Potential proposition would have public schools sold
Less than a week after the polls closed on the March 7 primary elections, would-be lawmakers are already gathering the signatures needed to put voter initiatives on the November ballot.
The most dramatic is a measure that would eliminate public schools in favor of letting parents decide how to educate their children.
“I have come to the conclusion that there is not any way to correct the situation in public schools,” John Hickey, who authored the proposition, said. “Some people think I am throwing out the baby with the bath water but I think the baby was stillborn.”
The measure would scrap the state’s public schools and create a state-funded voucher system where parents would receive up to $4,000 per child each year to pay for a private education or teach their children at home. After 20 years the voucher system, paid for by the sale of public schools, would also be done away with, making parents completely responsible for their children’s education. Hickey claims the gradual elimination of state sales taxes called for by the proposition would offset the burden placed on families by lack of any state education funding.
“That is insane. I am 100 percent opposed to vouchers,” said Thomas Romero, a Democratic candidate in the first state Senate district. “It is giving a blank check to voucher schools to use the taxpayers’ money without any government oversight.”

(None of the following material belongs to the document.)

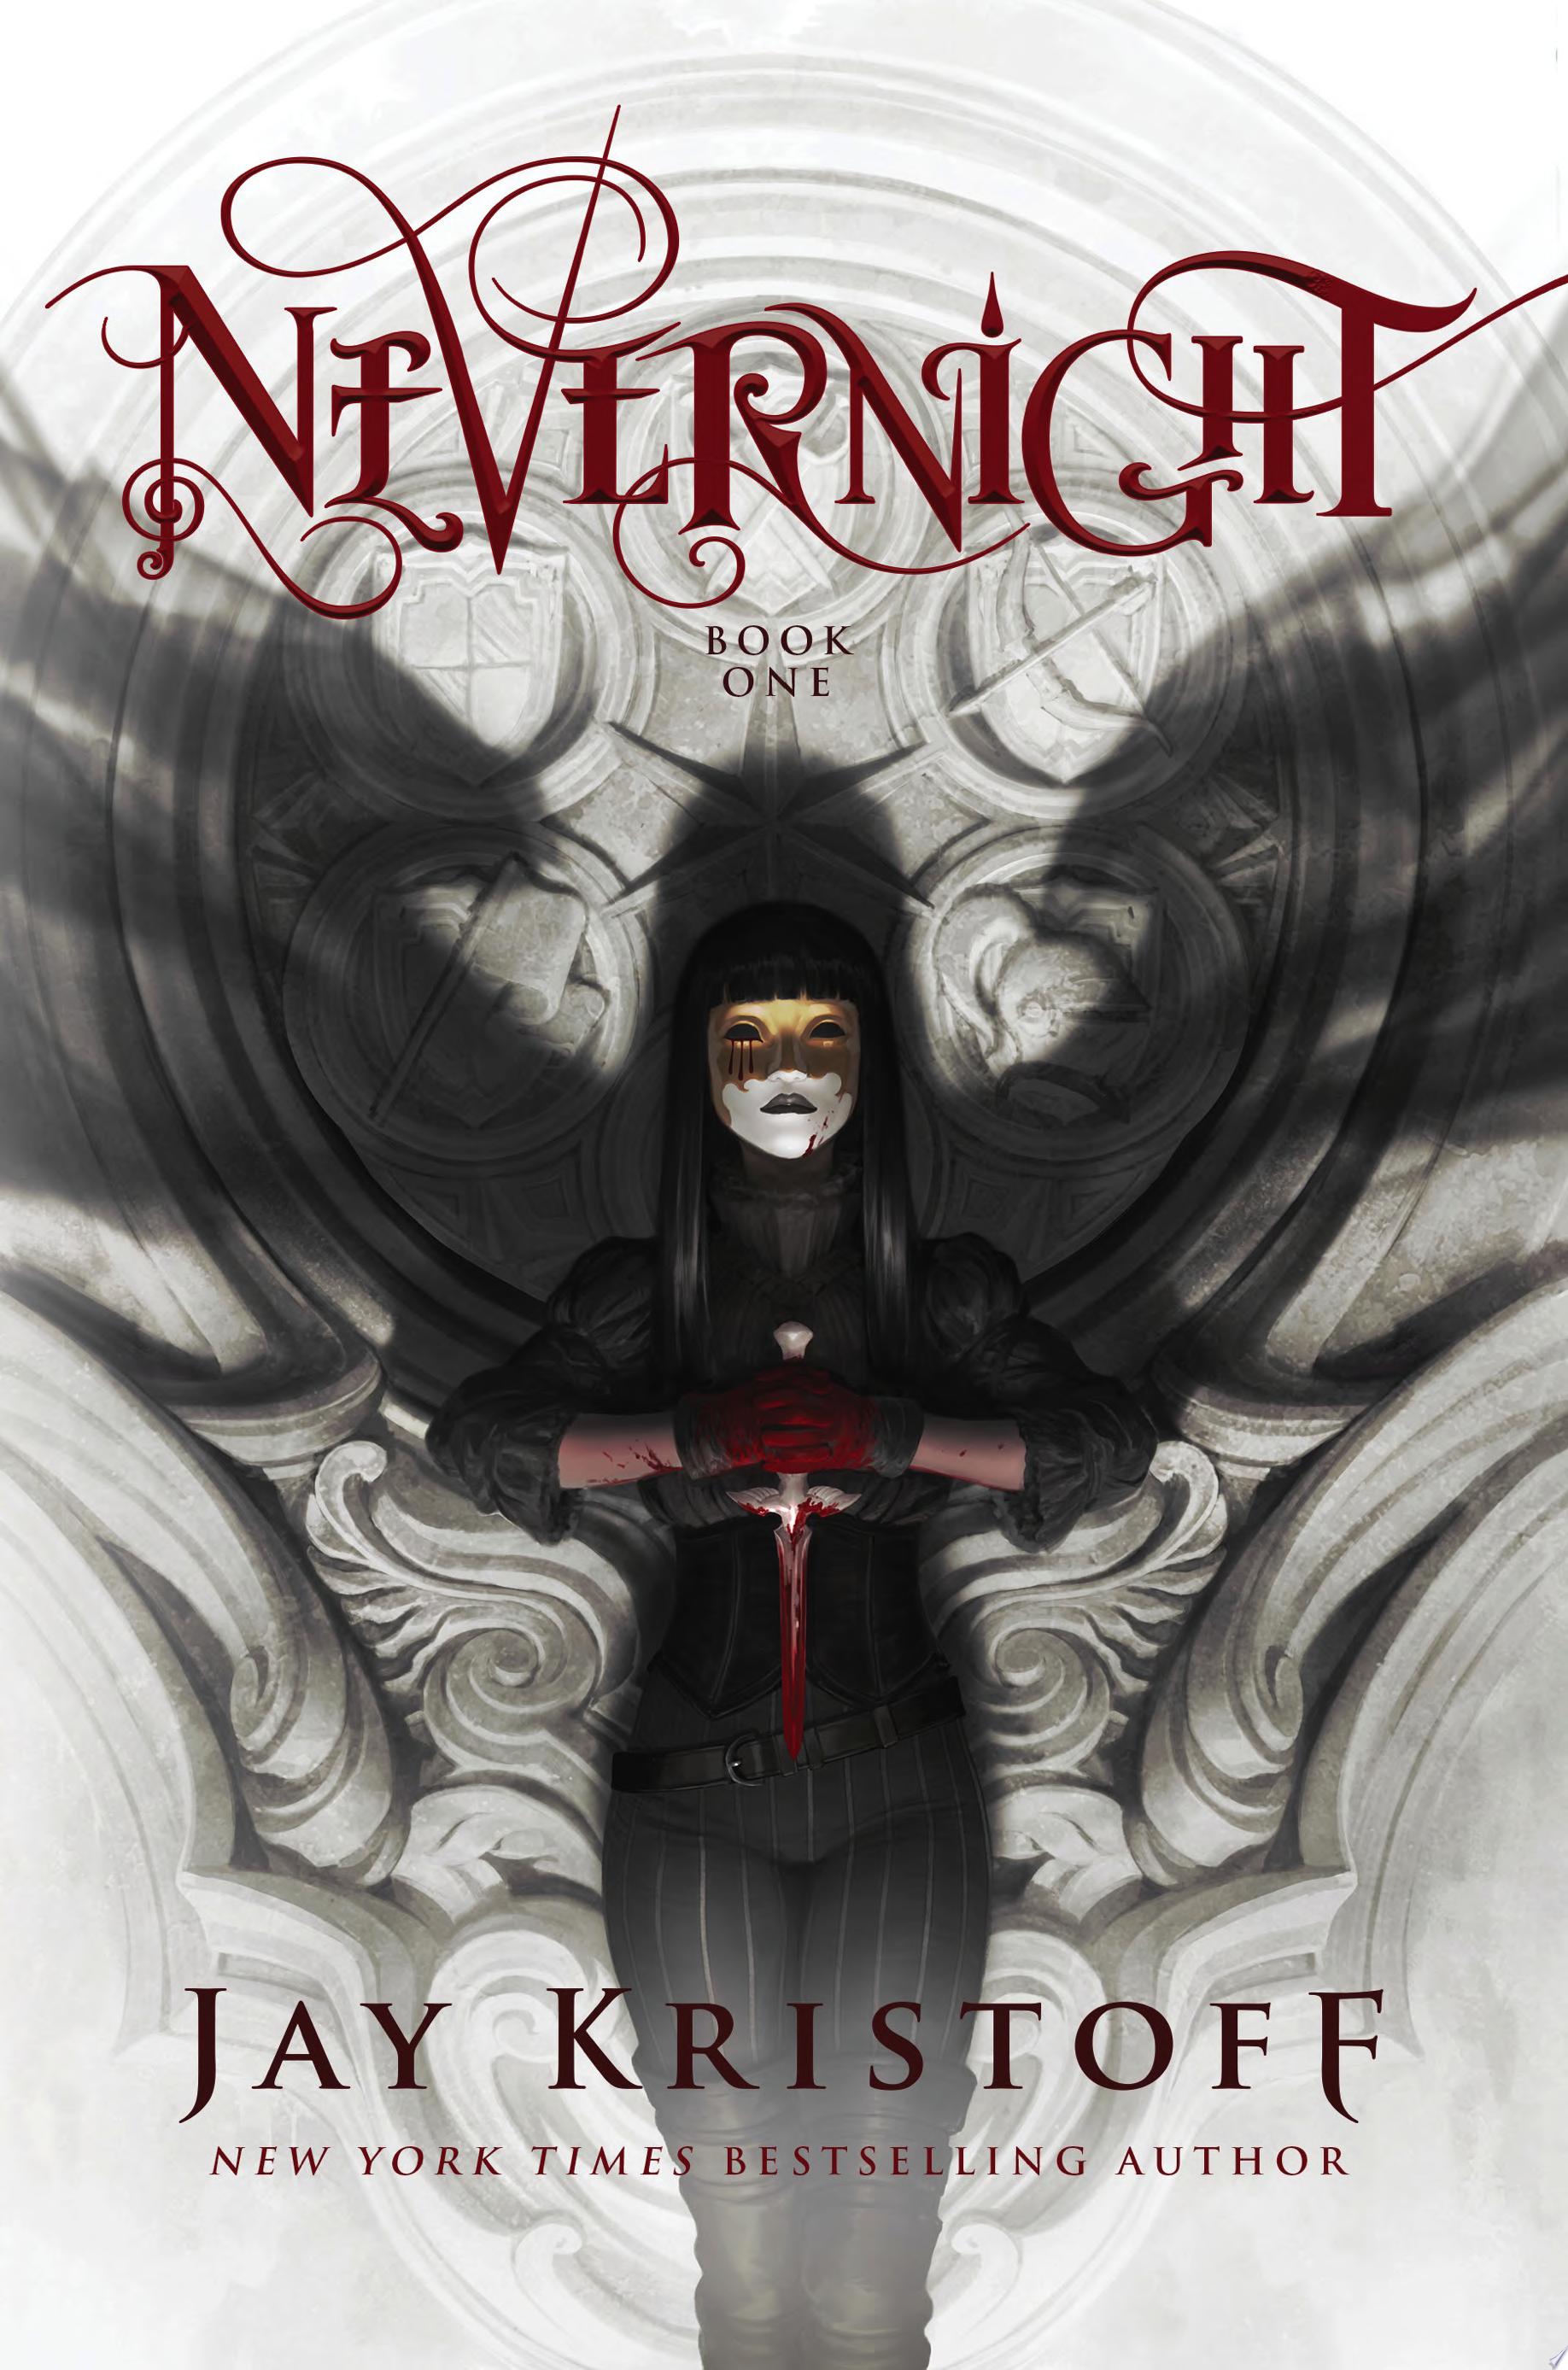 Image for "Nevernight"

Romero, who teaches history at Granite Oaks Middle School in Rocklin, Calif., said Hickey’s proposal would lower the overall quality of education in California and put an end to all state regulations. Teachers would not need to be certified, there would be no standardized testing, and no basic curriculum requirements.
Currently the state spends $10,000 each year on each student, which Hickey said would be far too much even if public schools successfully educated the state’s children. He maintains that the free market will ensure students receive a quality education but even those who are in favor of school vouchers are opposed to the proposition.
“I support vouchers – I think people should have choices – but this sounds kind of goofy,” Assemblyman Rico Oller, R-San Andreas, said. “There is no denying that the public school system is a mess, but I am not prepared to take the step from saying we want to reform the system to saying we want to abolish it.”
Hickey imagines that many public schools would become charter or private schools if the measure were to become law, and that entrepreneurs would find new ways to educate the state’s children.
“Those vouchers are like gold and they need to be mined,” he said.
Hickey, a Libertarian who is running for state Senate in the 11th district, has until August to collect the 670,816 signatures necessary to put the proposition on the ballot. He was successful in placing a similar measure on the ballot in 1980 and is counting on the support from the Libertarian Party to make this proposition successful.
“There are a lot of sugar daddies out there, though, and if this piques the interest of one, and he wants to give me millions of dollars, I could use that,” he said.
Sale of the state’s 8,000 schools would raise as much as $100 billion and in the long run the state could save as much as $100 billion each year. However, according to Legislative Analyst Elizabeth Hill, the measure would have dramatic effects on the economy that are difficult to predict.
“There are a lot of people out there who support a voucher system and want to see the end of public schools,” said Hickey, who is confident the propositions will make it onto the November ballot.
Oller disagreed, and said, “I don’t think you are going to find many people to support this idea, and I don’t think it is going to be successful because it goes too far.”
Signatures are also being gathered in support of a more modest school voucher proposition sponsored by venture capitalist Tim Draper. That proposition would authorize payments of at least $4,000 per pupil enrolled in private or religious schools.
That measure is more likely to gain widespread support, according to Oller, who said public schools play a vital role in educating disadvantaged students.
Hickey admits that there is no way to guarantee that parents spend the money they save in sales taxes on education and said, “some children will fall through the cracks, but I can’t control that.”